Does the Secretary of State agree that speed is of the essence in the provision of clarity, and will he accept our congratulations on having moved with such commendable speed?

I am grateful to my hon. Friend for saying that, but I think that we should extend our gratitude to the Opposition on this occasion. It is possible to move with speed only when there is cross-party co-operation, and I think that everyone has recognised the seriousness of the situation.

Given the huge, overwhelming concentration on the subject of detention during the passage of the National Health Service Act 2006, which revised the Mental Health Act 1983, why was this departure from the law not brought to Members’ attention, or, indeed, to light? Someone in the Department of Health must be answerable, surely.

The truth is that no one in the Department of Health knew that this irregularity was happening. I do not think that anyone in the system knew that it was happening, until the issue arose in Yorkshire and Humberside when a particular decision was challenged. However, the hon. Gentleman is right: there is an important question mark over why it was possible for the irregularity to continue for so long without being noticed. I think that we need to listen to what Dr Harris says about why he believes that it was possible for it to continue for so long, and to act on his advice.

I declare an interest, as someone who represented a number of individuals under section 12 of the Mental Health Act—and also as someone who is owed money by the state for the work that he did on behalf of such individuals three and a half years ago, but I leave that to one side.

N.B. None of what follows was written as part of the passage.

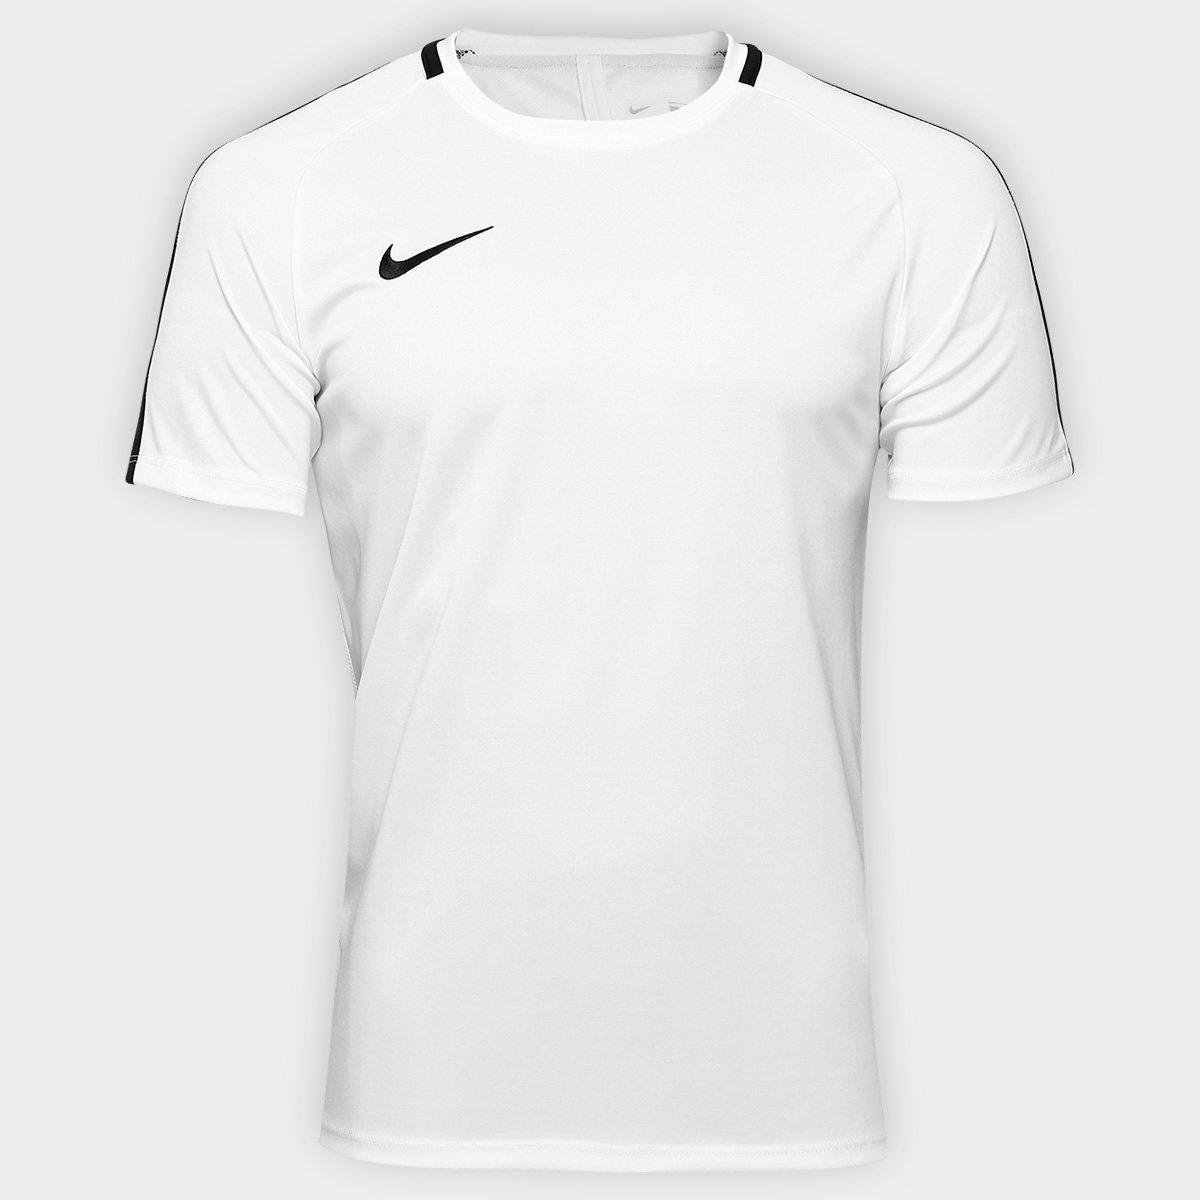 425d2d079c Camisa Nike Academy Masculina - Branco e Preto - Compre Agora

I welcome the drafting of retrospective legislation to resolve this problem, but has advice been obtained on whether the section 12 patients will retain any right to challenge their original detention procedures by way of judicial review?

My hon. Friend makes a very important point. All the patients’ rights to challenge their detention are preserved, with the exception of their rights relating to the technical irregularity over the authorisation of doctors under section 12. If they are challenging any other clinical or legal due-process decision, they are free to continue to do so: that will be completely unaffected by the retrospective legislation.

Can my right hon. Friend explain the position of trusts such as Milton Keynes PCT, which was part of South Central strategic health authority but is now part of East Midlands SHA? I understand that that is one of the SHAs that were affected. Will my right hon. Friend look into whether any issues have arisen from that transfer?

I can reassure my hon. Friend that if any issues have arisen from the technical irregularity involving the authorisation of doctors under section 12, they will be dealt by the retrospective legislation.

I welcome my right hon. Friend’s approach, which is responsible and right. May I urge him to ensure that the review being undertaken by Dr Harris will include the effect of the changes in NHS structures on all relevant provisions of the Mental Health Act—for example, the provision of information about bed availability to courts under section 39?

I shall certainly pass my hon. Friend’s question on to Dr Harris. It is not clear that the irregularity is a result of reorganisations, but I want to give Dr Harris a completely free hand. We shall then listen to what he says very carefully.

I am so sorry, Mr. Speaker.

I am very grateful to the Secretary of State for his statement. Despite the irregularity, sections 2 and 3 of the Mental Health Act give patients an automatic right to a tribunal hearing, and the tribunal will have been able to consider their applications for release.

That is correct. Nothing in the legislation will affect any rights that patients have, except with respect to the technical irregularity involving the authorisation of doctors under section 12.